- _SUPPLIED DATA_:

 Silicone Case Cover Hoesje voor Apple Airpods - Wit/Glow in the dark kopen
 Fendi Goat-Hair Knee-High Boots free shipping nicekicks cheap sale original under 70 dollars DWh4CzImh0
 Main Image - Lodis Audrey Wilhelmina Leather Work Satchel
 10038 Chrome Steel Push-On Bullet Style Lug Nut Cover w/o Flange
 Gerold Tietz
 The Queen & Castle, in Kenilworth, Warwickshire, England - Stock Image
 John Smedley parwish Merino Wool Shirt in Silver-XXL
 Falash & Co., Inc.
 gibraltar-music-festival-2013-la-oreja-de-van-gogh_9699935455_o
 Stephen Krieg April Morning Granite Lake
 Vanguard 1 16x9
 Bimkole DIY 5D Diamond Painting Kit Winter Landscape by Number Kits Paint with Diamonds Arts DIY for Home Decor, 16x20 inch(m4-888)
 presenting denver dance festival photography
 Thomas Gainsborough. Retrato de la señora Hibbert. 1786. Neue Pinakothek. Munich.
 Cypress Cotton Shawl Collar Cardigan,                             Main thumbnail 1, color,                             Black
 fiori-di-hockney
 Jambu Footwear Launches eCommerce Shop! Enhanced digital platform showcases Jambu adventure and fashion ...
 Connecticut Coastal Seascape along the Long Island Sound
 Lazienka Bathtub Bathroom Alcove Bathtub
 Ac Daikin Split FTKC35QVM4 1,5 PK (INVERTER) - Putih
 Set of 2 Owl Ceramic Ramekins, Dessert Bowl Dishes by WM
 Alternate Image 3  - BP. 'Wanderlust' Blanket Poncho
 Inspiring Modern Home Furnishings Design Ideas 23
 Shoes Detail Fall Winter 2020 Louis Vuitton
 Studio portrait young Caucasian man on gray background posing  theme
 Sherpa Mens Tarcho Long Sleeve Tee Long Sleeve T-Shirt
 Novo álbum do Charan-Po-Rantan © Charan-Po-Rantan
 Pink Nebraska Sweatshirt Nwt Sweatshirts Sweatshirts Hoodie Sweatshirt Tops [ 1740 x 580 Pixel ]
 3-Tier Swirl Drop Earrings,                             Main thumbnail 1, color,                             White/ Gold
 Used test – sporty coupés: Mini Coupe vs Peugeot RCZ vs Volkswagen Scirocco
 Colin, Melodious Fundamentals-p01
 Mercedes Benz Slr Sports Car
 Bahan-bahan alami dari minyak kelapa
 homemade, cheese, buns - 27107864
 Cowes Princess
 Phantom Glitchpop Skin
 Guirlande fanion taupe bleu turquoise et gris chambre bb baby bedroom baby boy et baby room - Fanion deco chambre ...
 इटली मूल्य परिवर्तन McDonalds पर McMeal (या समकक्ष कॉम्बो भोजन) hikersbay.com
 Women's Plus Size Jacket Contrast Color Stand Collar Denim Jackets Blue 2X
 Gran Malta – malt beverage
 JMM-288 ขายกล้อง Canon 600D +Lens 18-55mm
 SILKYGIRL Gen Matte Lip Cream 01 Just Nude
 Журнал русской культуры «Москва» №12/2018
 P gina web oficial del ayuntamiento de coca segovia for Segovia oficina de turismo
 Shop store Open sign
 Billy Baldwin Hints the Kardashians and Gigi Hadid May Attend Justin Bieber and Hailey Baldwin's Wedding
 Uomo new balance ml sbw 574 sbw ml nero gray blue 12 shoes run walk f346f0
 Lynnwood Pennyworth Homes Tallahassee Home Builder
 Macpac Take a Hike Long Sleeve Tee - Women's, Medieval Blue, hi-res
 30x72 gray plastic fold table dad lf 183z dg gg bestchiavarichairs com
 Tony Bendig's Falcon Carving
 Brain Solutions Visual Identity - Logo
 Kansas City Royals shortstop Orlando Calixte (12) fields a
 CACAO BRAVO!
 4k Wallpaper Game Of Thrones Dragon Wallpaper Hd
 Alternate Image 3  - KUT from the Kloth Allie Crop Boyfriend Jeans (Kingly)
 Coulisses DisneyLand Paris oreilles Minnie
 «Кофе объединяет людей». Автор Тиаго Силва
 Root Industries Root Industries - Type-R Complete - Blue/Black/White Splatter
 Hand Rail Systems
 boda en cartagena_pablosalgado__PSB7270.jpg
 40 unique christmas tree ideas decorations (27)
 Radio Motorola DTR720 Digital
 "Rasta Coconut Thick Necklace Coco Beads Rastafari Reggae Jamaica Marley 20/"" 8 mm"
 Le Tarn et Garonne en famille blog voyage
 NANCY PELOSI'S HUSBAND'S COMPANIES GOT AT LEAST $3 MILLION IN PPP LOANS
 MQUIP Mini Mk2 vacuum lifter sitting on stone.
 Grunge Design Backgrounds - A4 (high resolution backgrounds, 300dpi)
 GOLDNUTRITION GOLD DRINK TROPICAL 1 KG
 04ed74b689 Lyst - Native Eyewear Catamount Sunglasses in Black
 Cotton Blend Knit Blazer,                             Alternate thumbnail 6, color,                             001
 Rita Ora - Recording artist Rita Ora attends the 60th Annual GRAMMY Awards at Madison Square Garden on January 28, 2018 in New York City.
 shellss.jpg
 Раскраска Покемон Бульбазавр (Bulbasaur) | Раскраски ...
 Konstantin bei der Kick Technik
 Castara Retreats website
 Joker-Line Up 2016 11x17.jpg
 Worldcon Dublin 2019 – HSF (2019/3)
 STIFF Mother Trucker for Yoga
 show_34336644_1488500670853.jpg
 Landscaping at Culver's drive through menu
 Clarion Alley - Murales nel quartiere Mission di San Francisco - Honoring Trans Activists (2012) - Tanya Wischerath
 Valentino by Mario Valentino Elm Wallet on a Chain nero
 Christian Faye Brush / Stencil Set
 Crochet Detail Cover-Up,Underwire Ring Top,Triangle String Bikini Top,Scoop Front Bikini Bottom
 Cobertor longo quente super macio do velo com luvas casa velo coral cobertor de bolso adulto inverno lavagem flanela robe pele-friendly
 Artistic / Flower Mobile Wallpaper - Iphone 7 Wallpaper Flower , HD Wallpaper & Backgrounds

- _WHAT IS EXPECTED_: Your answer should be the full set of records above, restated exactly.

- _ANSWER SPACE_:
 Silicone Case Cover Hoesje voor Apple Airpods - Wit/Glow in the dark kopen
 Fendi Goat-Hair Knee-High Boots free shipping nicekicks cheap sale original under 70 dollars DWh4CzImh0
 Main Image - Lodis Audrey Wilhelmina Leather Work Satchel
 10038 Chrome Steel Push-On Bullet Style Lug Nut Cover w/o Flange
 Gerold Tietz
 The Queen & Castle, in Kenilworth, Warwickshire, England - Stock Image
 John Smedley parwish Merino Wool Shirt in Silver-XXL
 Falash & Co., Inc.
 gibraltar-music-festival-2013-la-oreja-de-van-gogh_9699935455_o
 Stephen Krieg April Morning Granite Lake
 Vanguard 1 16x9
 Bimkole DIY 5D Diamond Painting Kit Winter Landscape by Number Kits Paint with Diamonds Arts DIY for Home Decor, 16x20 inch(m4-888)
 presenting denver dance festival photography
 Thomas Gainsborough. Retrato de la señora Hibbert. 1786. Neue Pinakothek. Munich.
 Cypress Cotton Shawl Collar Cardigan,                             Main thumbnail 1, color,                             Black
 fiori-di-hockney
 Jambu Footwear Launches eCommerce Shop! Enhanced digital platform showcases Jambu adventure and fashion ...
 Connecticut Coastal Seascape along the Long Island Sound
 Lazienka Bathtub Bathroom Alcove Bathtub
 Ac Daikin Split FTKC35QVM4 1,5 PK (INVERTER) - Putih
 Set of 2 Owl Ceramic Ramekins, Dessert Bowl Dishes by WM
 Alternate Image 3  - BP. 'Wanderlust' Blanket Poncho
 Inspiring Modern Home Furnishings Design Ideas 23
 Shoes Detail Fall Winter 2020 Louis Vuitton
 Studio portrait young Caucasian man on gray background posing  theme
 Sherpa Mens Tarcho Long Sleeve Tee Long Sleeve T-Shirt
 Novo álbum do Charan-Po-Rantan © Charan-Po-Rantan
 Pink Nebraska Sweatshirt Nwt Sweatshirts Sweatshirts Hoodie Sweatshirt Tops [ 1740 x 580 Pixel ]
 3-Tier Swirl Drop Earrings,                             Main thumbnail 1, color,                             White/ Gold
 Used test – sporty coupés: Mini Coupe vs Peugeot RCZ vs Volkswagen Scirocco
 Colin, Melodious Fundamentals-p01
 Mercedes Benz Slr Sports Car
 Bahan-bahan alami dari minyak kelapa
 homemade, cheese, buns - 27107864
 Cowes Princess
 Phantom Glitchpop Skin
 Guirlande fanion taupe bleu turquoise et gris chambre bb baby bedroom baby boy et baby room - Fanion deco chambre ...
 इटली मूल्य परिवर्तन McDonalds पर McMeal (या समकक्ष कॉम्बो भोजन) hikersbay.com
 Women's Plus Size Jacket Contrast Color Stand Collar Denim Jackets Blue 2X
 Gran Malta – malt beverage
 JMM-288 ขายกล้อง Canon 600D +Lens 18-55mm
 SILKYGIRL Gen Matte Lip Cream 01 Just Nude
 Журнал русской культуры «Москва» №12/2018
 P gina web oficial del ayuntamiento de coca segovia for Segovia oficina de turismo
 Shop store Open sign
 Billy Baldwin Hints the Kardashians and Gigi Hadid May Attend Justin Bieber and Hailey Baldwin's Wedding
 Uomo new balance ml sbw 574 sbw ml nero gray blue 12 shoes run walk f346f0
 Lynnwood Pennyworth Homes Tallahassee Home Builder
 Macpac Take a Hike Long Sleeve Tee - Women's, Medieval Blue, hi-res
 30x72 gray plastic fold table dad lf 183z dg gg bestchiavarichairs com
 Tony Bendig's Falcon Carving
 Brain Solutions Visual Identity - Logo
 Kansas City Royals shortstop Orlando Calixte (12) fields a
 CACAO BRAVO!
 4k Wallpaper Game Of Thrones Dragon Wallpaper Hd
 Alternate Image 3  - KUT from the Kloth Allie Crop Boyfriend Jeans (Kingly)
 Coulisses DisneyLand Paris oreilles Minnie
 «Кофе объединяет людей». Автор Тиаго Силва
 Root Industries Root Industries - Type-R Complete - Blue/Black/White Splatter
 Hand Rail Systems
 boda en cartagena_pablosalgado__PSB7270.jpg
 40 unique christmas tree ideas decorations (27)
 Radio Motorola DTR720 Digital
 "Rasta Coconut Thick Necklace Coco Beads Rastafari Reggae Jamaica Marley 20/"" 8 mm"
 Le Tarn et Garonne en famille blog voyage
 NANCY PELOSI'S HUSBAND'S COMPANIES GOT AT LEAST $3 MILLION IN PPP LOANS
 MQUIP Mini Mk2 vacuum lifter sitting on stone.
 Grunge Design Backgrounds - A4 (high resolution backgrounds, 300dpi)
 GOLDNUTRITION GOLD DRINK TROPICAL 1 KG
 04ed74b689 Lyst - Native Eyewear Catamount Sunglasses in Black
 Cotton Blend Knit Blazer,                             Alternate thumbnail 6, color,                             001
 Rita Ora - Recording artist Rita Ora attends the 60th Annual GRAMMY Awards at Madison Square Garden on January 28, 2018 in New York City.
 shellss.jpg
 Раскраска Покемон Бульбазавр (Bulbasaur) | Раскраски ...
 Konstantin bei der Kick Technik
 Castara Retreats website
 Joker-Line Up 2016 11x17.jpg
 Worldcon Dublin 2019 – HSF (2019/3)
 STIFF Mother Trucker for Yoga
 show_34336644_1488500670853.jpg
 Landscaping at Culver's drive through menu
 Clarion Alley - Murales nel quartiere Mission di San Francisco - Honoring Trans Activists (2012) - Tanya Wischerath
 Valentino by Mario Valentino Elm Wallet on a Chain nero
 Christian Faye Brush / Stencil Set
 Crochet Detail Cover-Up,Underwire Ring Top,Triangle String Bikini Top,Scoop Front Bikini Bottom
 Cobertor longo quente super macio do velo com luvas casa velo coral cobertor de bolso adulto inverno lavagem flanela robe pele-friendly
 Artistic / Flower Mobile Wallpaper - Iphone 7 Wallpaper Flower , HD Wallpaper & Backgrounds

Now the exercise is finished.